Highly Concentrated and Yet Effortless

Michael Arndt
Wednesday, November 5, 2008

Translated:

Marburg. The Marburg Concert Society (Konzertverein) has once again gotten lucky. And it has the courage to prove that it can accept a program that contains only one work from the Classical repertoire along with two rarely heard compositions of the 20th century and even a contemporary piece. 

Alas this courage was not rewarded, because on Tuesday evening in the Marburg City Hall it was obvious there were many empty seats.

At the outset the four young musicians dedicated themselves to the last of more than 70 string quartets by Joseph Haydn, who practically invented this most important form of chamber music.

Highly concentrated, yet effortless, the Daedalus Quartet made music not just with this classical masterpiece, but also with Igor Stravinsky's "Trois Pieces pour quatuor a cordes," written in 1914.

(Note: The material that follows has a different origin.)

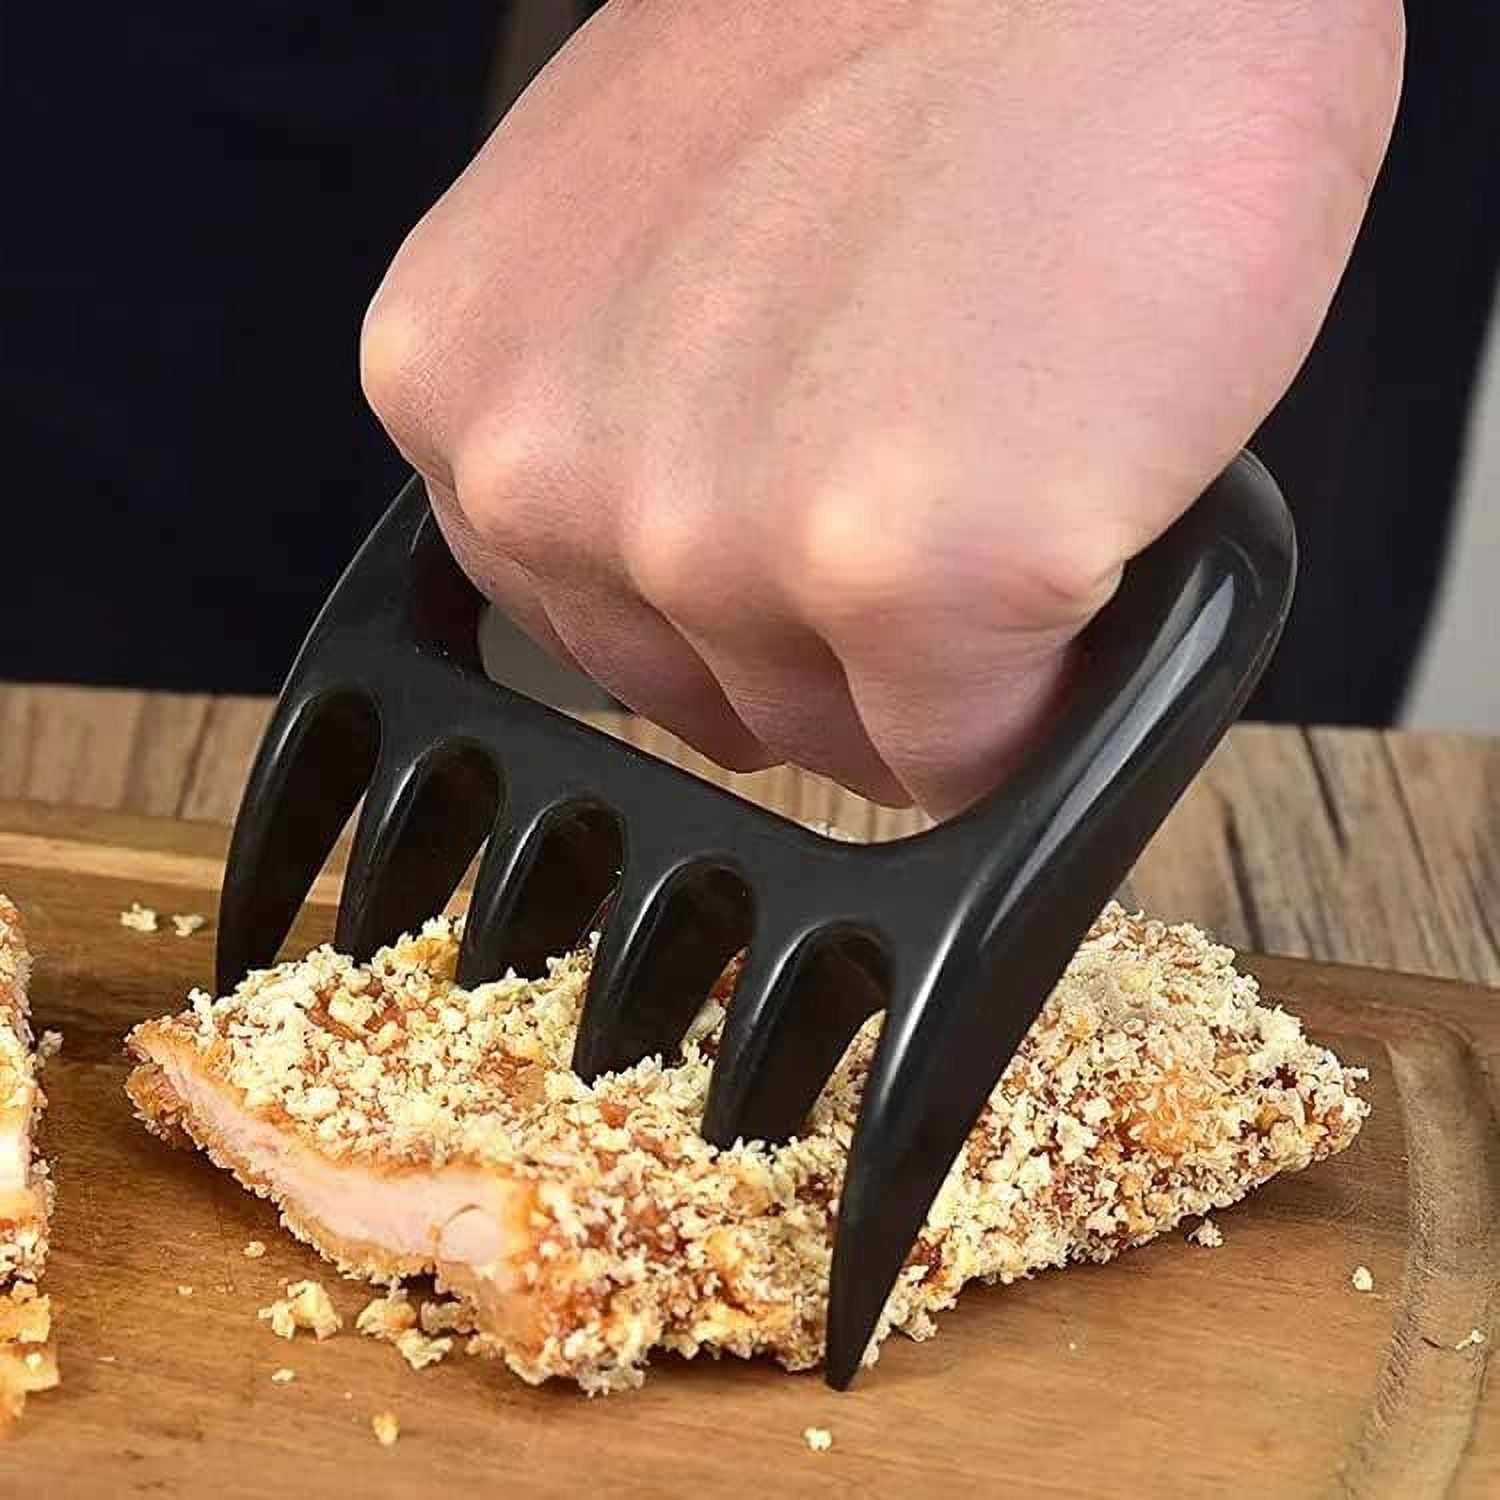 KitchenReady Meat Claws Perfect Shredder for Pulled

The "Flight from the Labyrinth" was characterized by dramatic, extremely sharp contrasts in a quartet written four years ago by the 1970-born Scottish composer David Horne for the Daedalus Quartet - for a good reason, as he used the myth of the ensemble's name as inspiration.

Daedalus is said to have invented sculpture and the labyrinth. But he is mostly known for flying towards freedom on wings he constructed himself - together with his son Icarus, who, however, flew too close to the sun and sank into the sea.